Every line from the one with "Powerpuff Girls Brothers Coloring Pages" to the end of the listing, and nothing else, is to be printed exactly; please leave the pictures out.

Dataset content Block Start

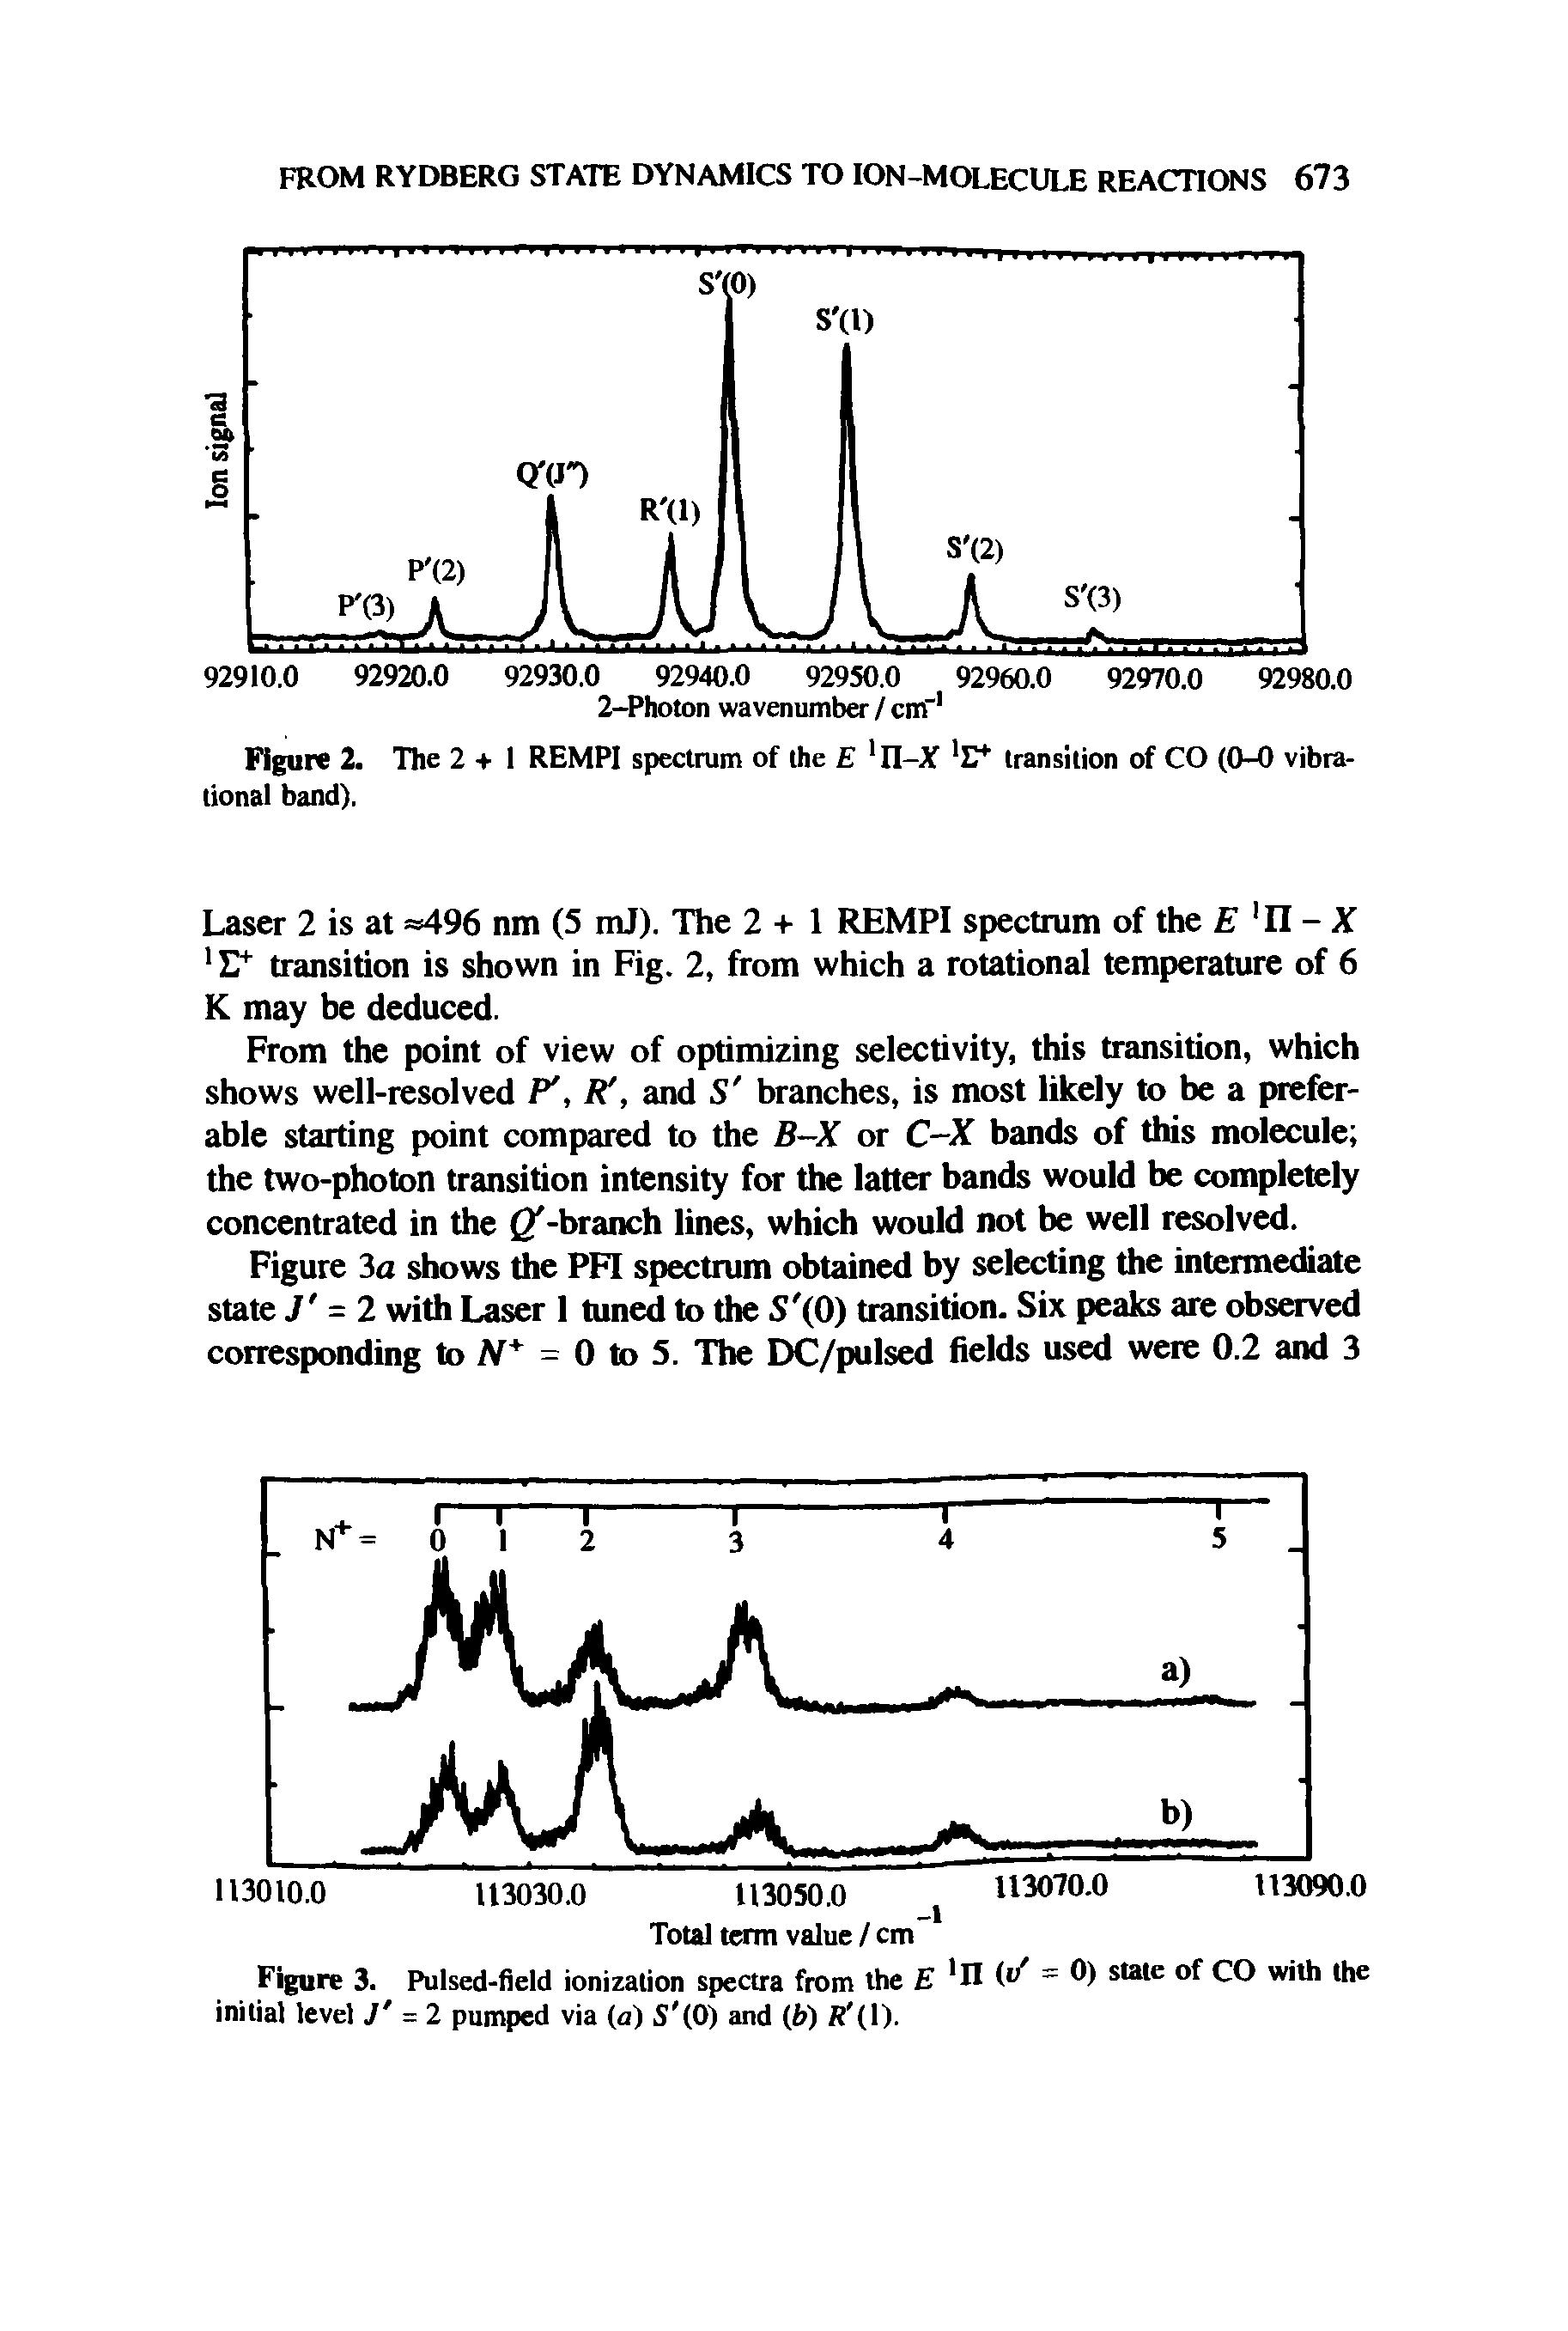 Figure 3. Pulsed-field ionization spectra from the 1II ( / — 0) state of CO with the initial level J = 2 pumped via (a) S (0) and (b) R (l).
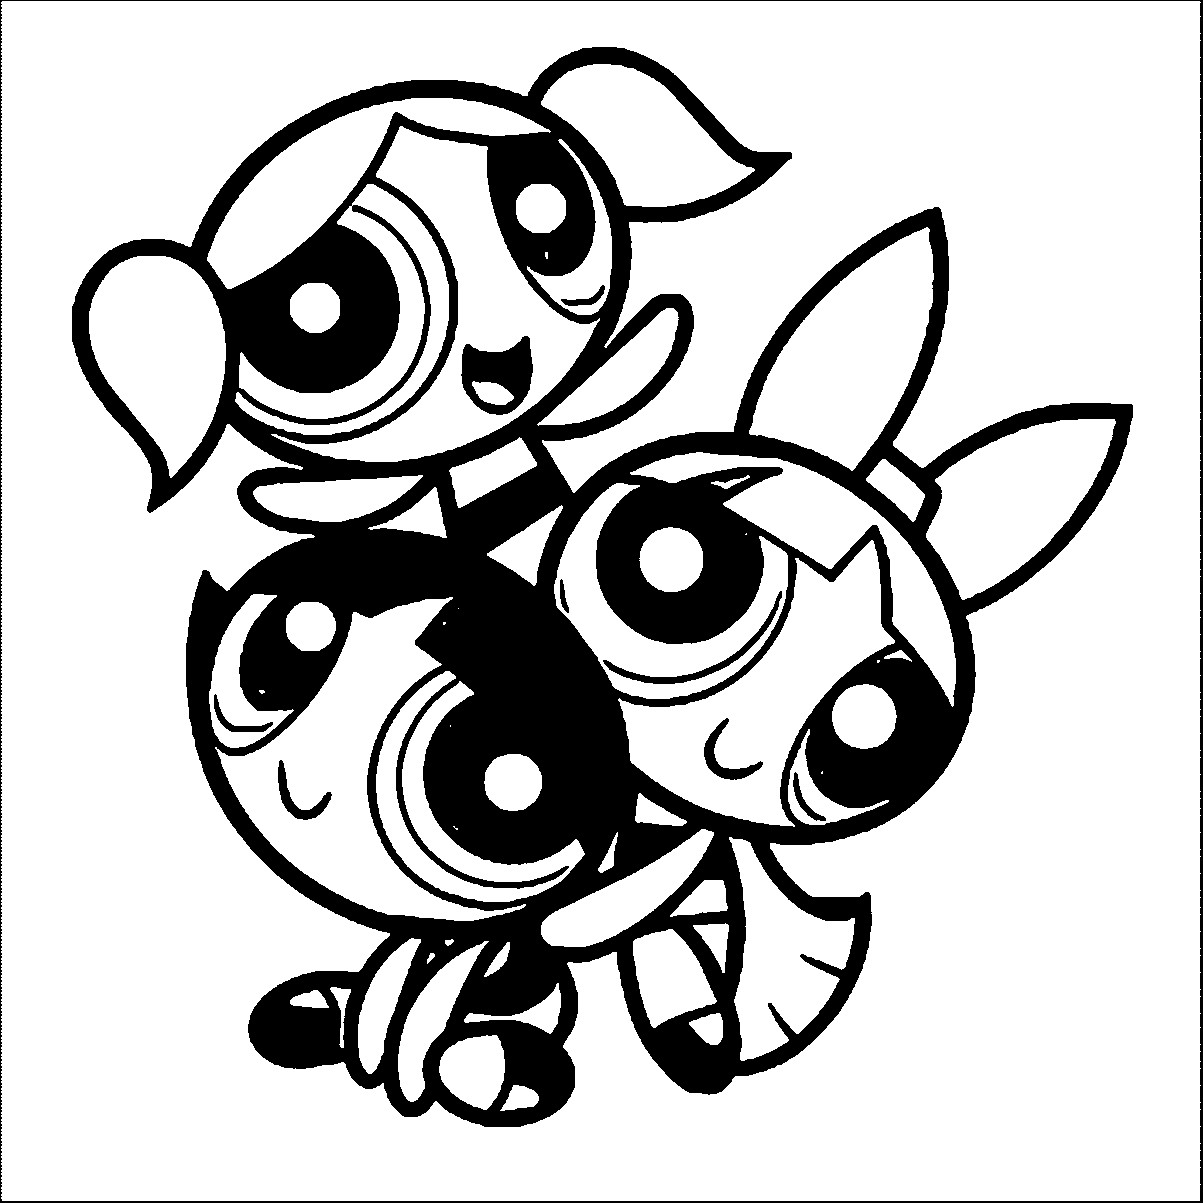 Powerpuff Girls Brothers Coloring Pages
 Powerpuff Girls Coloring Pages Coloring

Dataset content Block End

* _Your solution_
 Powerpuff Girls Brothers Coloring Pages
 Powerpuff Girls Coloring Pages Coloring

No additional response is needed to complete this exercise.